Having BPD means I feel things much more intensely than people without BPD. I interpret facial expressions, tone of voice and text, eye contact and other body movements as something I did or said wrong. Since I'm an introvert (a quiet person who can be around groups of people for a short time), my BPD hooks up with another quiet friend or a close friend who knows how I am around people.
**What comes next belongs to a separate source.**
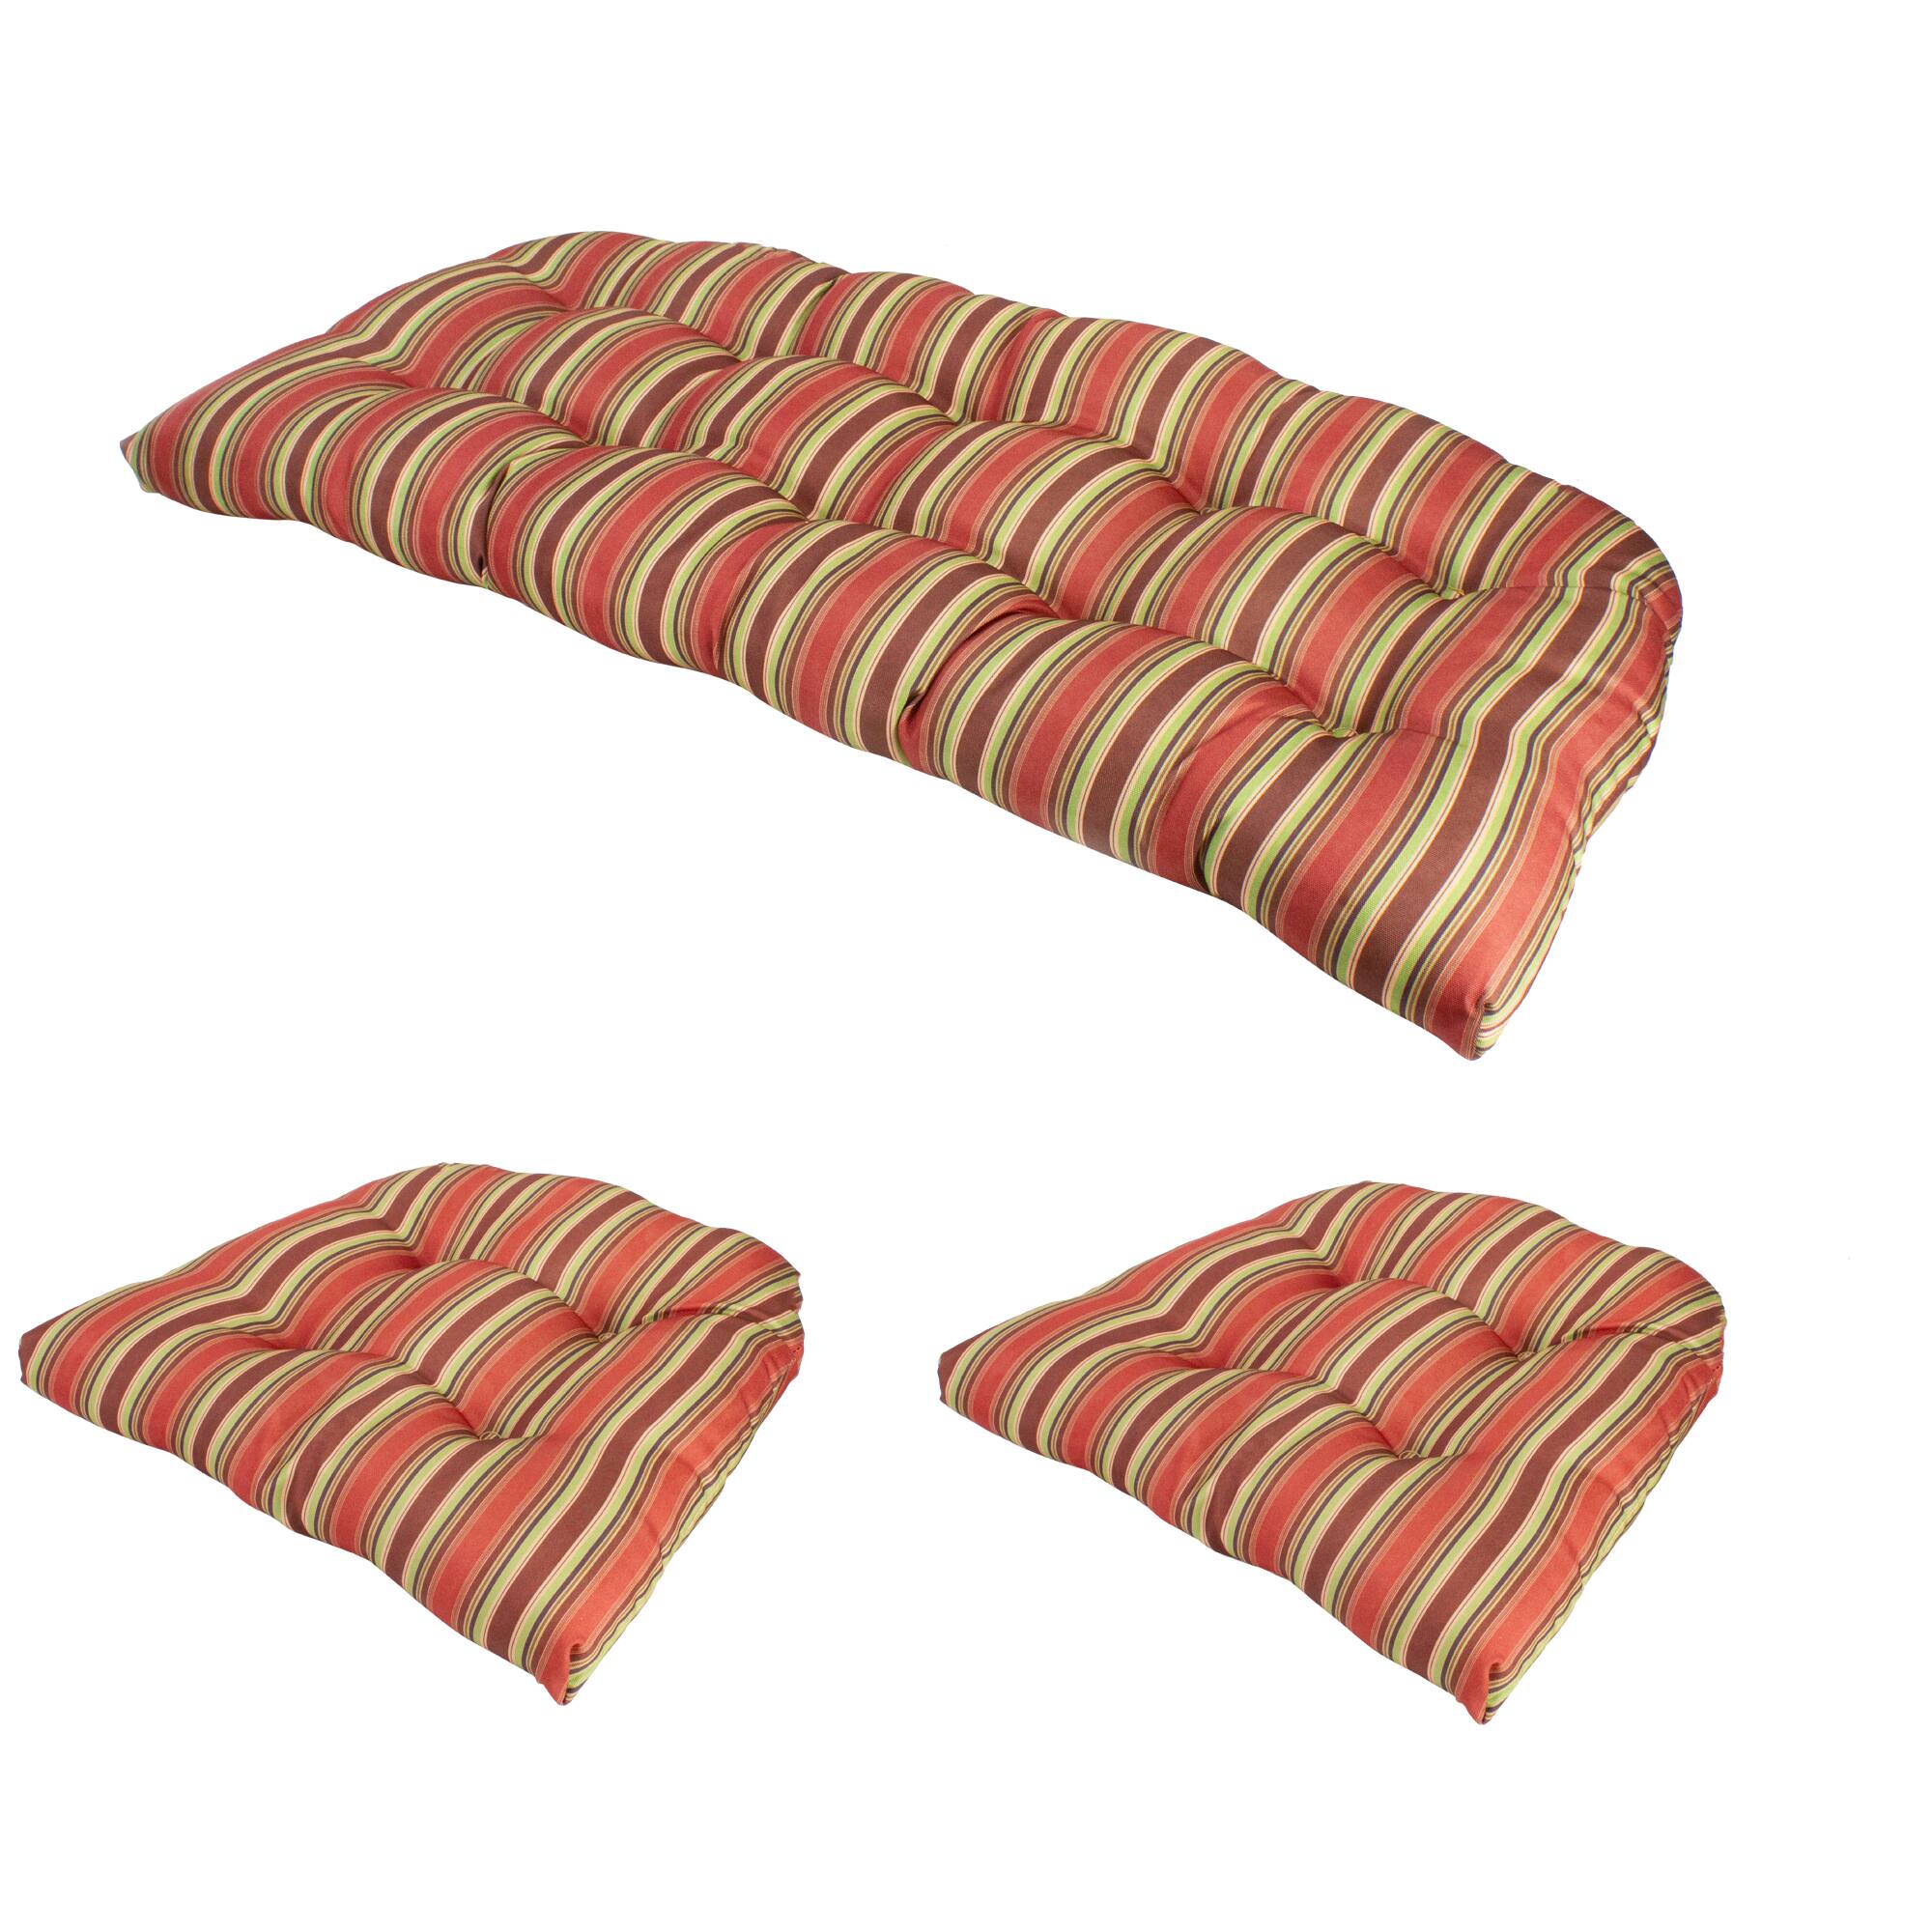 3 Piece Wicker Furniture Cushion Set

Nine days ago there was an error made with a prescription of mine. Never happens but it did. Since I've been feeling angry, alone, lied to and unsupported, I decided to send a better descriptive letter to my two friends. It helped to talk about it even if they don't fully understand. Here's a sample of what I said:
"I wish I had the energy to ask how you're doing but this "no med" thing is really hitting me hard. Thank goodness I'm dog sitting. Rascal is great. I lost 7 pounds last month but since I haven't had my meds I fear my weight is slowly going back up again. I'm trying to be careful but I'm doing a lot of sleeping (short naps) today and trying to eat well in between. I even gave myself a chore to do- put a/c in my car. Never done it before and it works. Problem is now there is a hissing noise coming out from the front of my car and I can't find it. Doesn't matter if the car is off or on. Fix one thing, then another pops up.
Anyway, I need help with my mood which is downcast and my anxiety. I'm having lunch with a dear friend who is in from Indiana tomorrow. I've already asked her not to drink alcohol.
I just want to scream, "Why aren't I important enough to call in a prescription that only needed to be corrected and that was 9 days ago?" Between Walmart's faxes and my phone calls (2 direct conversations and 1 message), I've been promised it would be taken care of three times and it wasn't. That's why I'm going to my Dr's office on Monday.
I hate having (diagnosis) or whatever else they want to call it. Even if you call it an egg, it doesn't make it any easier to deal with."
Borderline Personality Disorder unmedicated is hard enough to deal with and when it's complicated with other unmedicated mental illnesses the outcome is very difficult to manage. So for now, I tell the suicidal thoughts to go to someone safe and fall asleep. I tell my mind alcohol won't take away the feelings of neglect and being alone. I coax the depression into activity that won't overwhelm me but will give me something to do that is safe. This is called self-care.
All of it, myself and my spirit, I commit to my loving God in whose hands I am completely safe from all things harmful for He created everything and called it good.